Earlier this year, Harold and Freda Mitchell of Como, Miss., both came down with a serious stomach bug. At first, doctors did not know what was wrong, but the gastrointestinal symptoms became so severe that Mrs. Mitchell, 66, was hospitalized for two weeks. Her husband, a manufacturing supervisor, missed 20 days of work.

A local doctor who had worked in a Veterans Affairs hospital recognized the signs of Clostridium difficile, a contagious and potentially deadly bacterium. Although the illness is difficult to track, health officials estimate that in the United States the bacteria cause 350,000 infections each year in hospitals alone, with tens of thousands more occurring in nursing homes. While the majority of cases are found in health care settings, 20 percent or more may occur in the community. The illness kills an estimated 15,000 to 20,000 people annually.

“It’s been the worst thing I’ve ever tried to get through in my life,” said Mrs. Mitchell, who remains weakened by the ordeal. “I really did think I was going to die.”

What is so frightening about C. difficile is that it is often spurred by antibiotics. The drugs wipe out the targeted illness, like a urinary tract or upper respiratory infection, but they also kill off large portions of the healthy bacteria that normally live in the digestive tract. If a person comes into contact with C. difficile, or already has it, the disruption to the beneficial bacteria creates an opportunity for the harmful bacteria to flourish.

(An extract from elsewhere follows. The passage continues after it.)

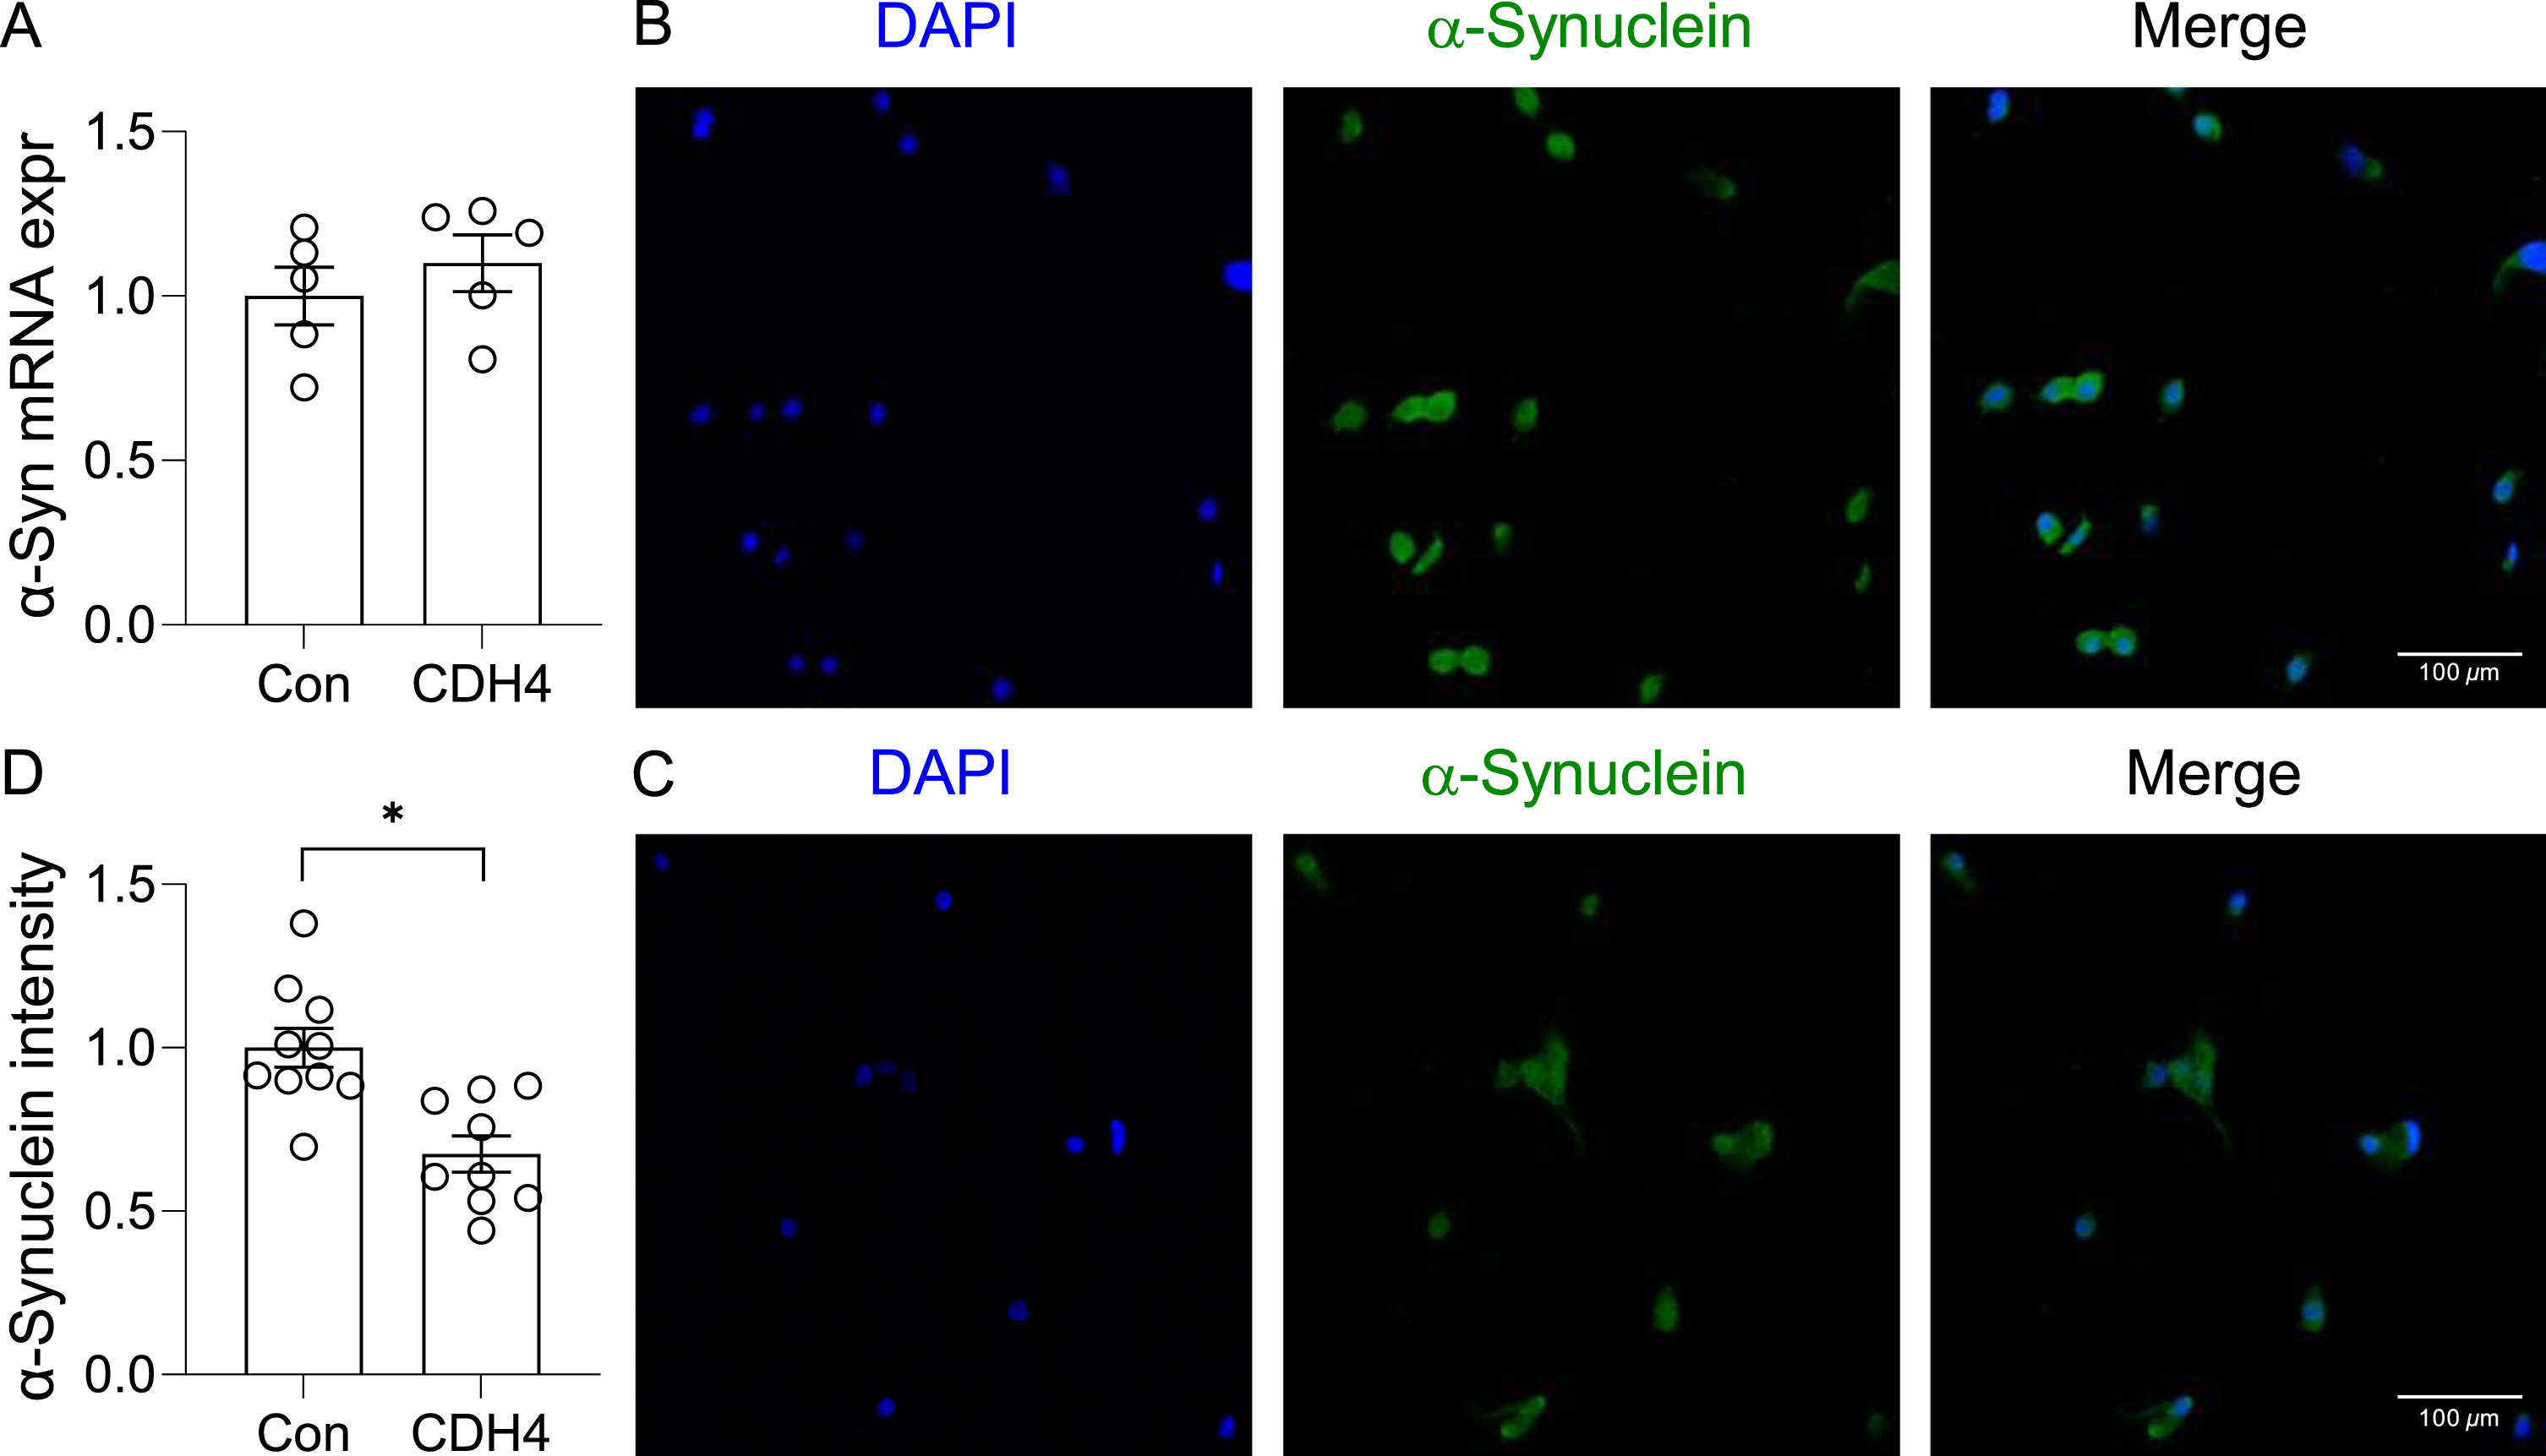 Effect of CDH4 on α-synuclein aggregation. A) The OLN-AS7 oligodendrocyte MSA cell model was transfected with CDH4 cDNA or empty-vector control (Con) and α-synuclein expression measured by qPCR. B) Control cells and (C) CDH4-transfected cells were immunofluorescent-stained and examined under a confocal microscope. D) A comparion of α-synuclein signal intensity of the two groups. Data represent mean and SE as error bars; *p < 0.05.

The public health community has been sounding the alarm for years about the overuse of antibiotics and the emergence of “superbugs” — bacteria that have developed immunity to a wide number of antibiotics. But the C. difficile problem shows that the threat is not generalized or hypothetical, but immediate and personal.

“One of the things that we counsel consumers about is to make sure that an antibiotic is really necessary,” said Dr. Dale N. Gerding, an infectious disease specialist at the Stritch School of Medicine at Loyola University in Chicago. “There are many good reasons for taking an antibiotic, but an illness like sinusitis or bronchitis winds up being treated with antibiotics even though it will go away by itself anyway.”

Even appropriate use of antibiotics can put a person at risk. Dr. Gerding said his own adult son came down with a C. difficile infection after taking antibiotics for tonsillitis.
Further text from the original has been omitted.